Когда тайна была раскрыта, по всему фронту пошёл слух о красавице, скрывавшейся под солдатским мундиром, которая не боится смерти, помогая русским воинам, – так, по крайней мере, было написано в газетных заметках, написанных фронтовыми корреспондентами. Один из них написал даже о ней, как об «удивительно нежной, самоотверженной, смелой до безумия».
Римме не понравилось написанное. Она продолжала свою бесконечную и человечную работу…И уже вскоре вторую Георгиевскую медаль – третьей степени, золотую, с бантом – ей вручили перед строем полка уже под её настоящим именем. И все знали: правильно, заслуженно. Ведь высочайше записано было чётко, кто имеет право на награду: «Кто из фельдшеров или санитаров, находясь в течение всего боя в боевой линии, под сильным и действительным огнём, проявляя необыкновенное самоотвержение, будет оказывать помощь раненым или, в обстановке чрезвычайной трудности, вынесет раненого или убитого»… А скольких вынесла она из-под огня, уже давно Римма сама не считала.
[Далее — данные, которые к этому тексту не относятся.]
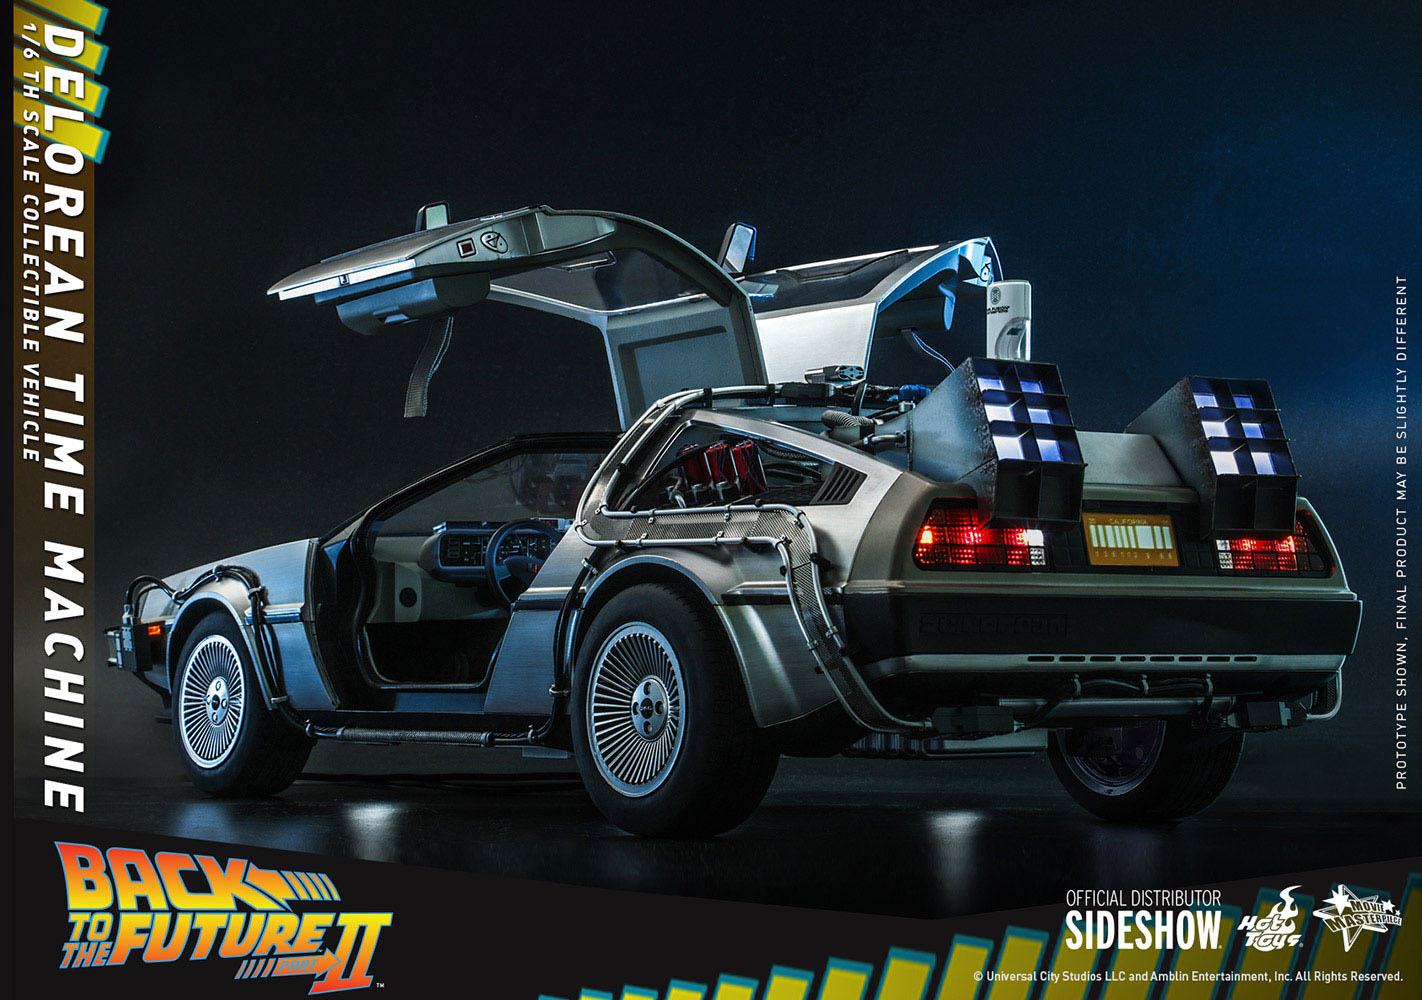 Hot Toys - Back to the Future II Movie Masterpiece Vehicle 1/6 DeLorean Time Machine 72cm - Arriving Late September 2023 - Loaded Dice Barry Vale of Glamorgan CF64 3HD

Надо сказать вам, что в России награды с именем святого Георгия Победоносца вручались только за подвиги на поле боя. Это была целая система, где были предусмотрены буквально все случаи, достойные награждения. Медали четырёх степеней с портретом царя на одной стороне и с надписью «За храбрость» на обороте для нижних чинов, Георгиевские кресты – тоже четырёх степеней, а орден Святого Георгия был исключительно офицерским и тоже имел четыре степени… Он был самым почётным и уважаемым в русской армии, хотя некоторые другие ордена были, пожалуй, повесомее. А ещё было наградное георгиевское оружие, специальные георгиевские награды для воинских частей и многое другое…
Сержант восхищённо прищёлкнул языком:
– И откуда ты всё это знаешь, отец?
– Обязан знать по профессии историка. А вообще-то каждый должен бы знать, кто историю своей страны уважает…
…Сказав это, Коробков вдруг почувствовал, как где-то под сердцем тихонько шевельнулся давний страх. Ведь он, по сути, не знает сидящих рядом людей. И нет никакой гарантии, что кто-нибудь из них по приезде на место не шепнёт особисту о том, как некий красноармеец по дороге восхищался царским строем и царскими порядками. А ведь было-то с тобой, Коробков, совсем недавно! Было!
4
Четыре года назад… да, только в начале лета. Вот тогда он решил заняться… Господи, ну что ты сам себе врёшь, Коробков! Решил… В таких ситуациях никто ничего не решает. Это всегда начинается случайно: что-то вспомнил, на что-то наткнулся, услышал какой-то разговор, встретил нового человека, который… Вот и тогда: примерно за год до начала войны он шёл в институт обычной своей дорогой – через чахлый скверик с вытоптанной возле кустов и деревьев голой землёй, давно не метённой дорожкой, облупившимися и изрисованными скамейками. Персонажи на скамейках тоже были знакомые – молодые мамаши с младенцами да старики, пригревшиеся на солнце. Обычно между ними разговор в такие расслабленные минуты вязался медленно, без особых всплесков, но на сей раз ёще издалека можно было заметить, как два на вид сверстника лет за семьдесят горячо наскакивали друг на друга. Коробков невольно прислушался. Вначале донеслись лишь отдельные слова, потом, наконец, стало возможным что-то понять:
– … пойдут, обязательно пойдут! Как только национальное самосознание начинает раздуваться, тут же им станет тесно в своих границах, захочется пространства, захочется сырья с дешёвой рабочей силой…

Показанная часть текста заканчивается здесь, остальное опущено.